_WHAT TO PRODUCE_
Using the listing below, retype only the lines from the line with "Fundraisers in a" through the end, both ends included, and exclude the pictures.

_DATA EXTRACT_
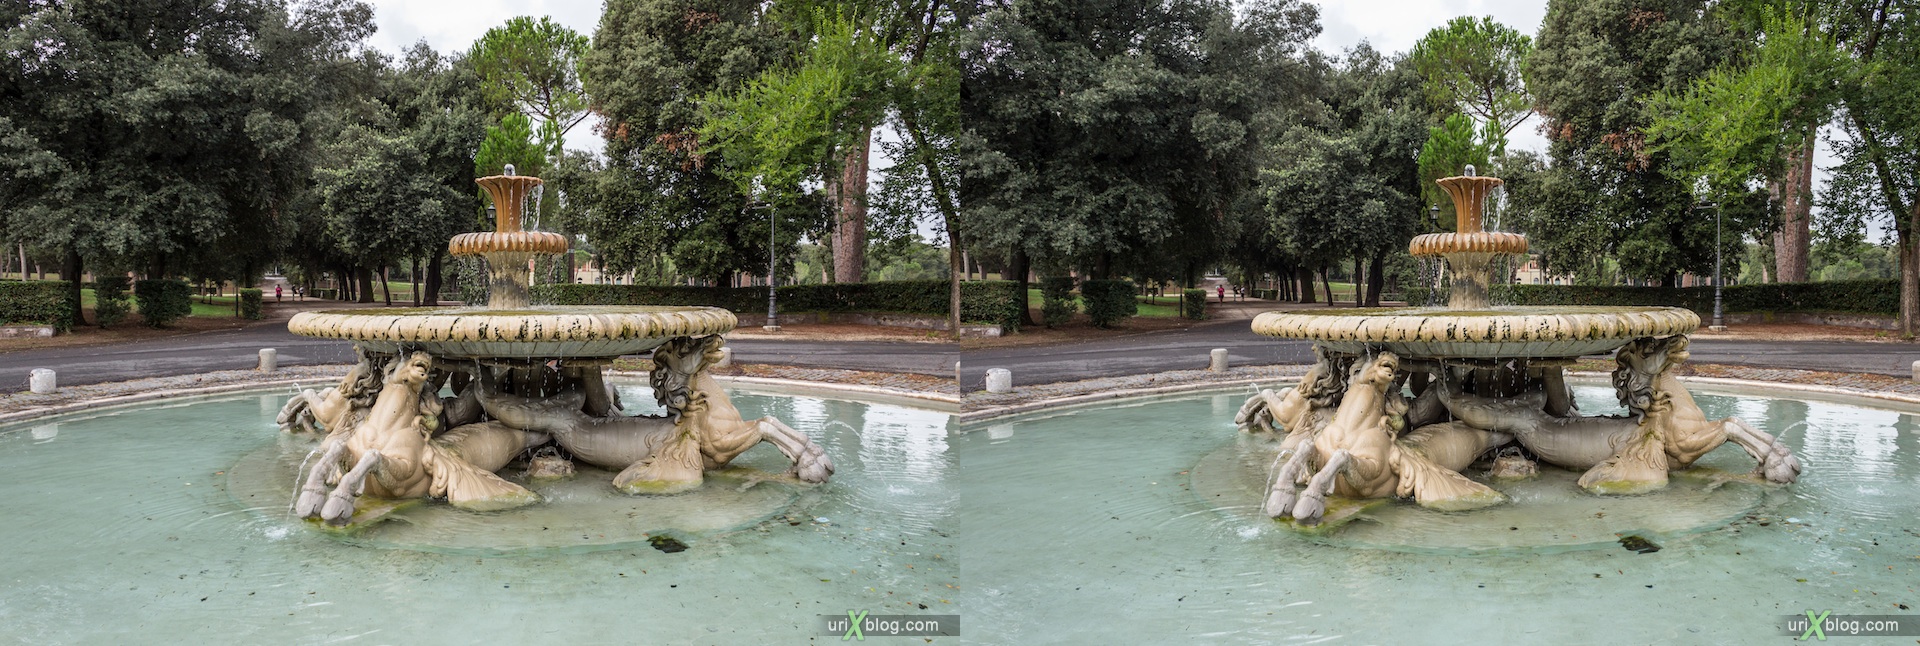 2012, fountain, park villa Borghese, Rome, Italy, 3D, stereo pair, cross-eyed, crossview, cross view stereo pair
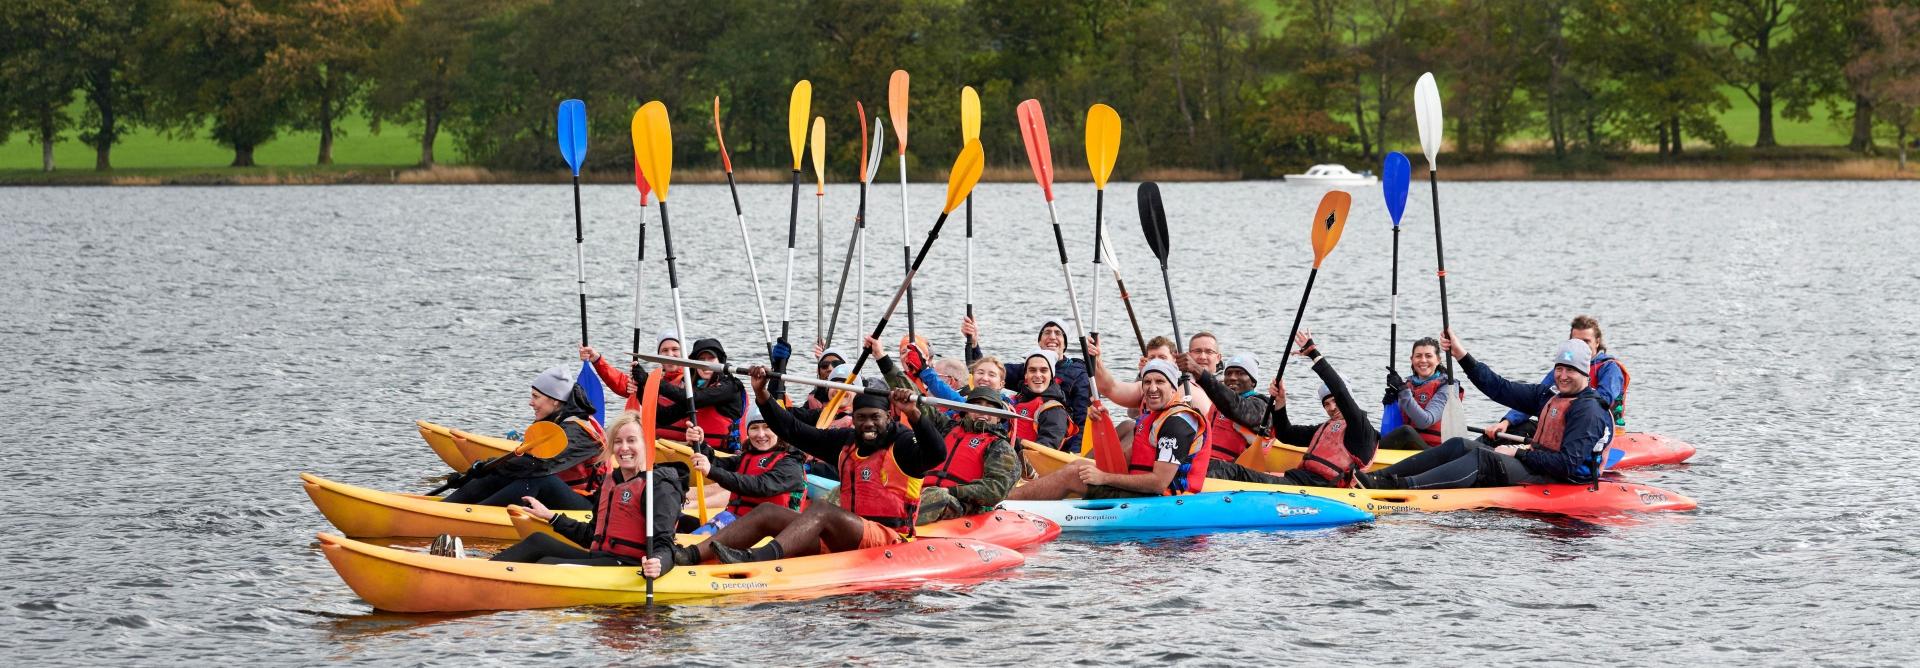 Fundraisers in a kayak during the Lakes District Triple, to raise money for Future Dreams breast cancer charity
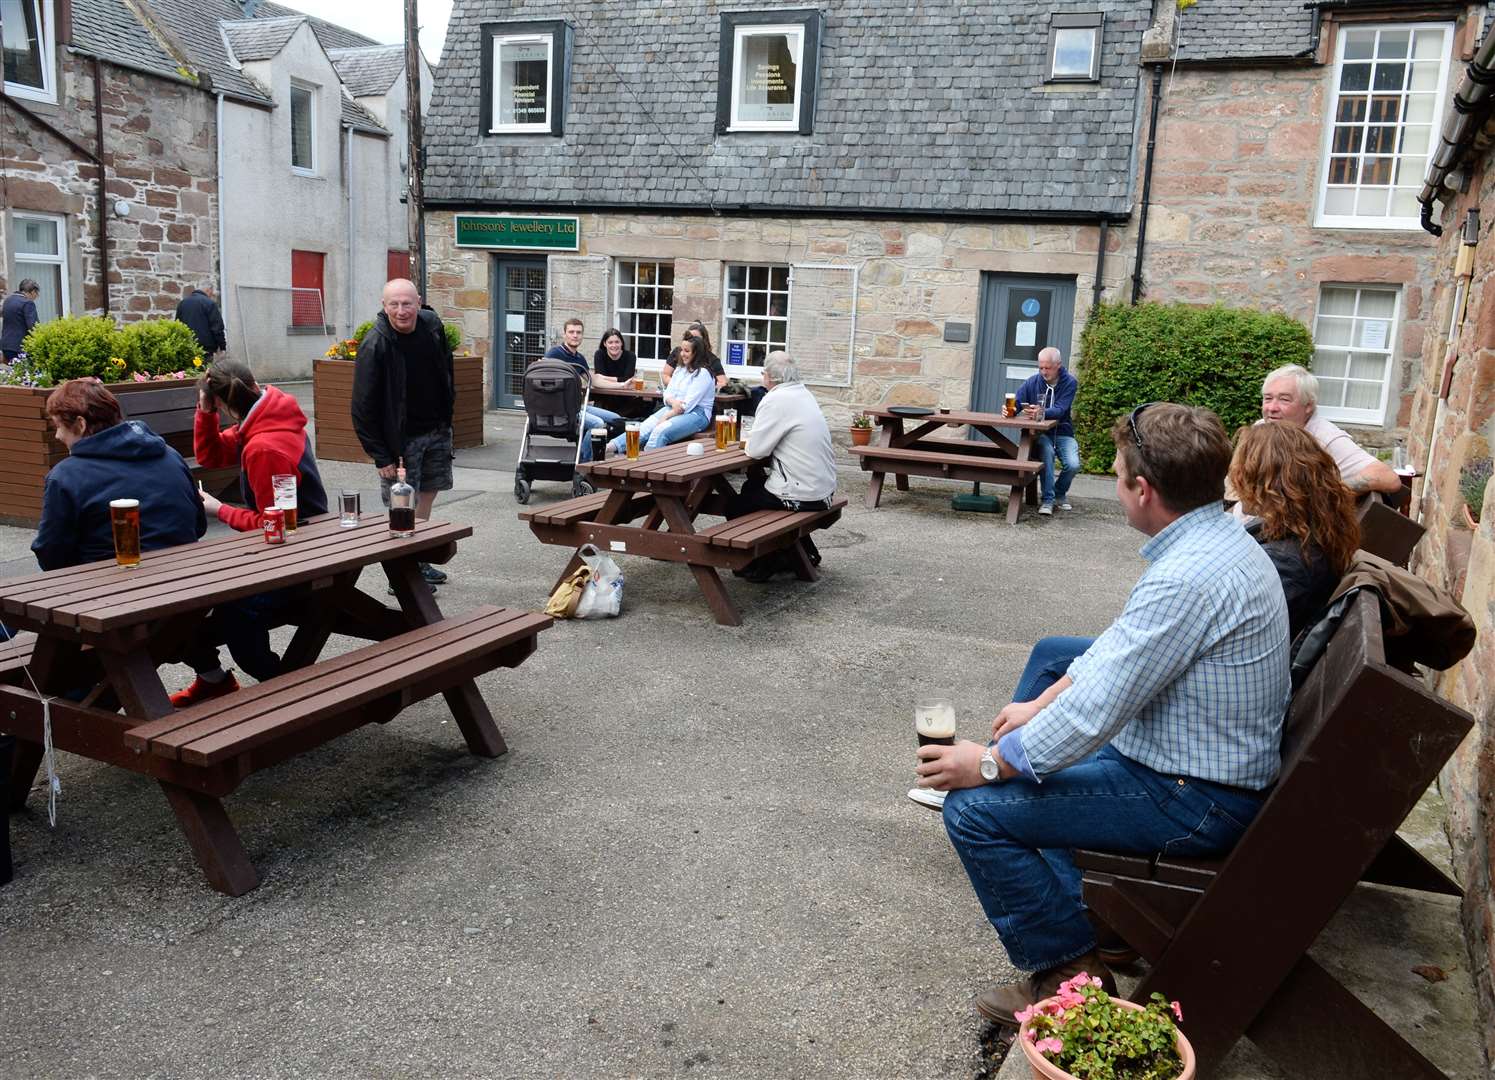 Beer garden welcomes a healthy crowd at the weekends. Picture: Gary Anthony.

_WORKED SOLUTION_
 Fundraisers in a kayak during the Lakes District Triple, to raise money for Future Dreams breast cancer charity
 Beer garden welcomes a healthy crowd at the weekends. Picture: Gary Anthony.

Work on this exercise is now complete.